[Opening Material provided section]

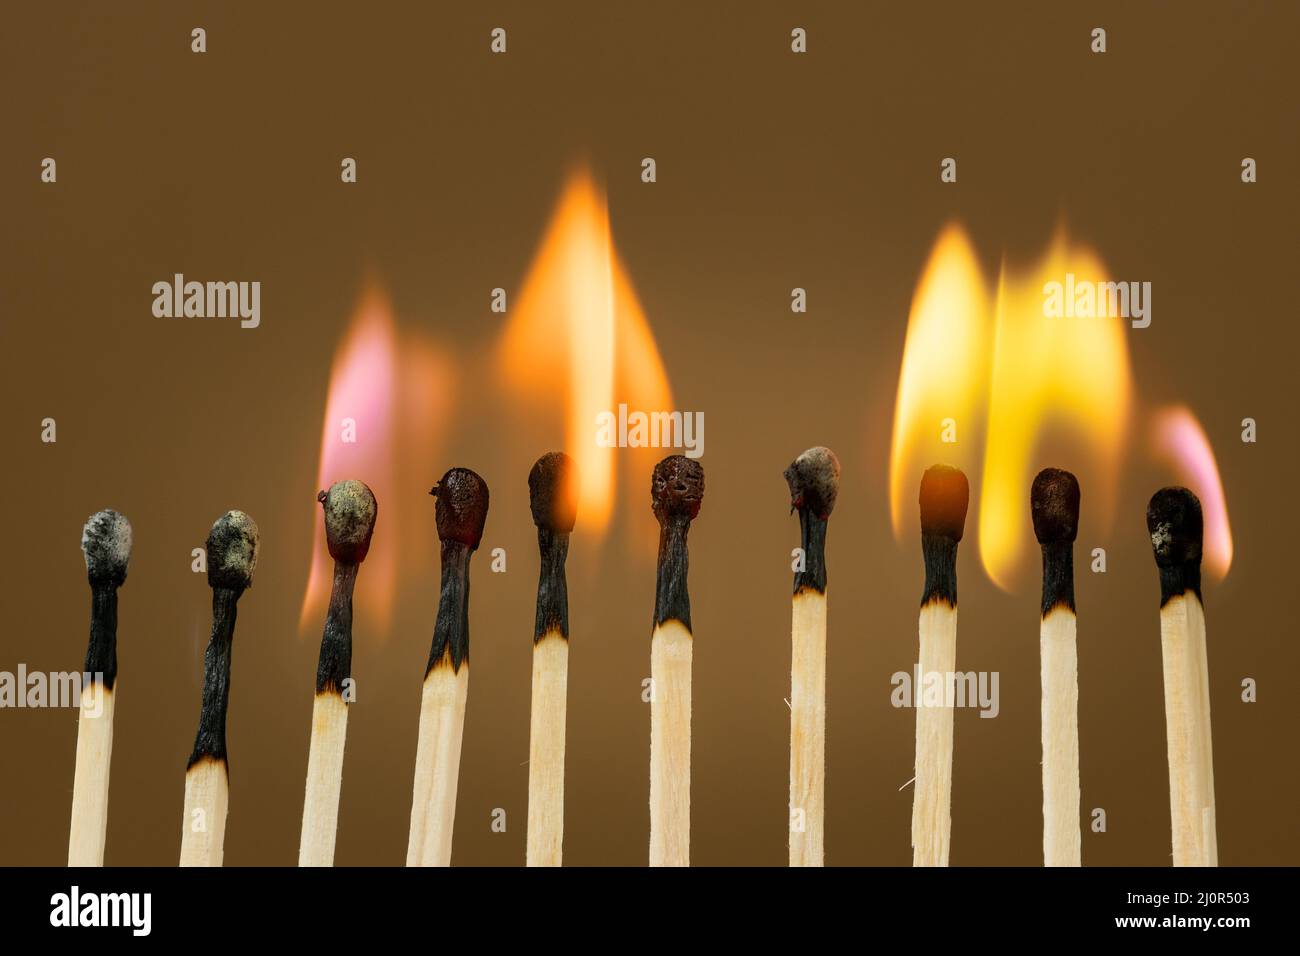 Match sticks burning with a bright colorful flames Stock Photo
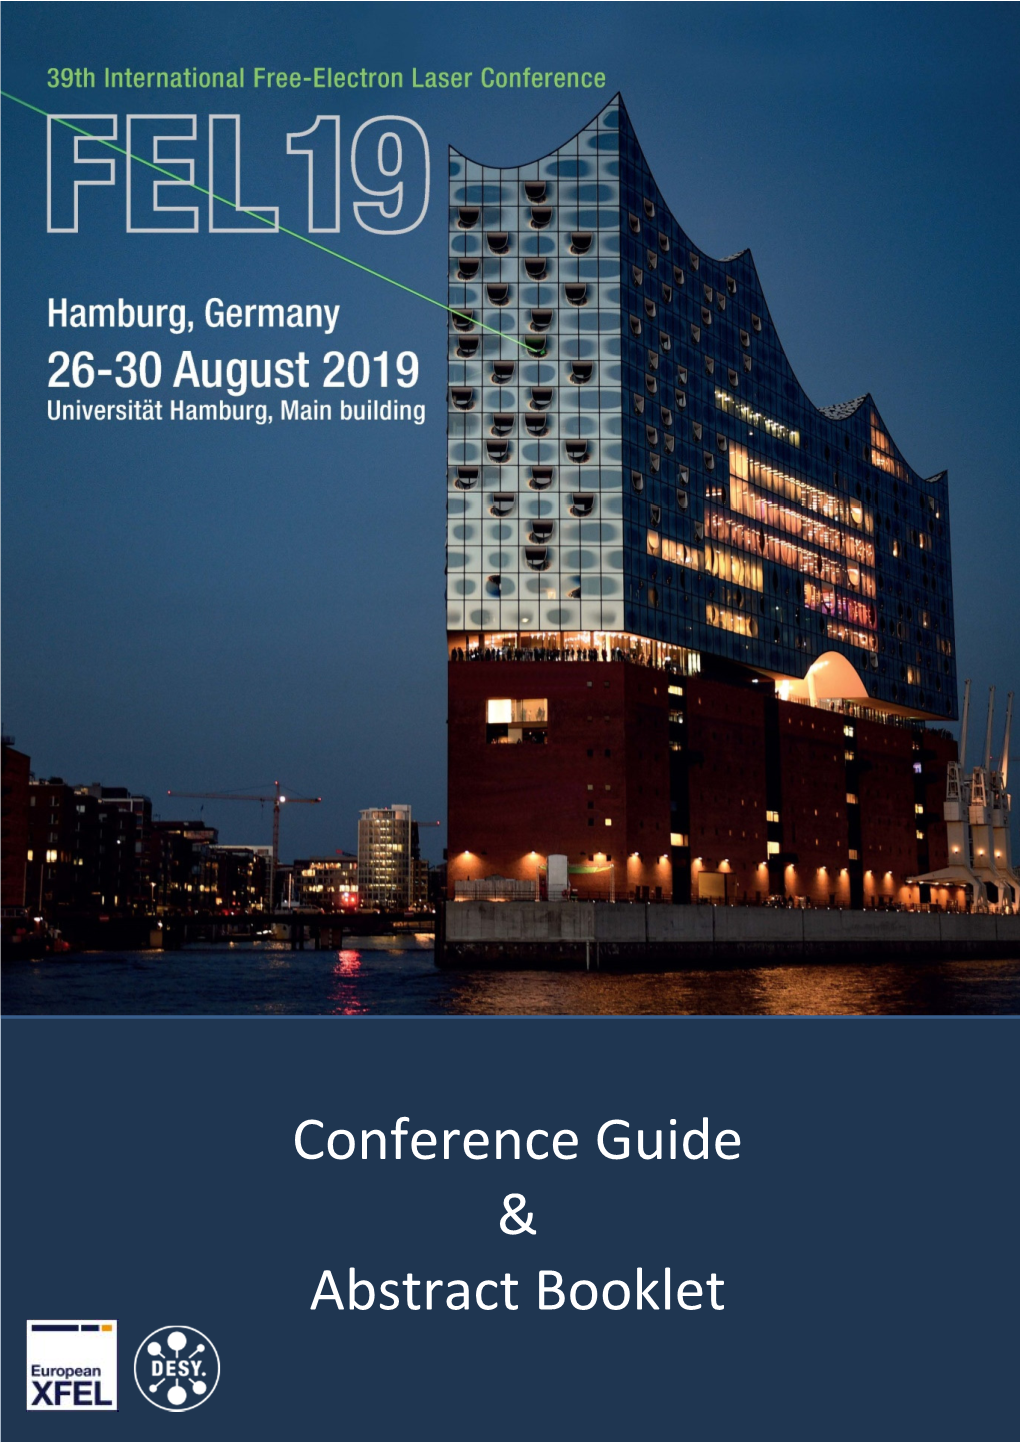 Conference Guide & Abstract Booklet
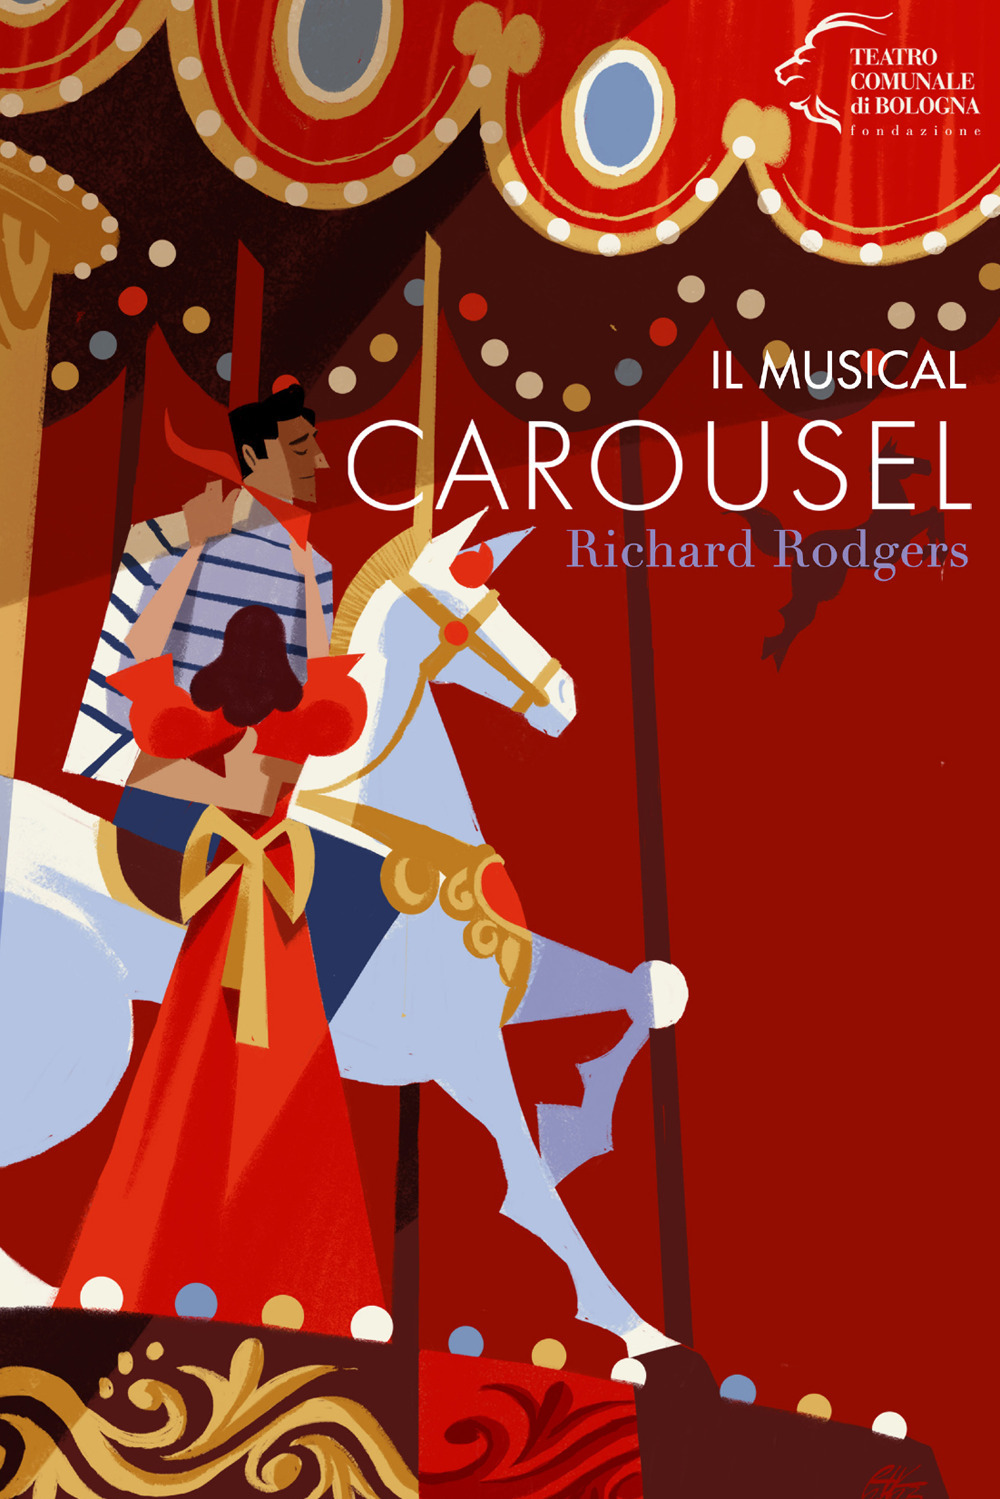 Il musical Carousel. Richard Rodgers

[Closing Material provided section]

- **Problem to solve**
Word for word, retype the material above without its pictures.

- **Answer space**
 Match sticks burning with a bright colorful flames Stock Photo
 Conference Guide & Abstract Booklet
 Il musical Carousel. Richard Rodgers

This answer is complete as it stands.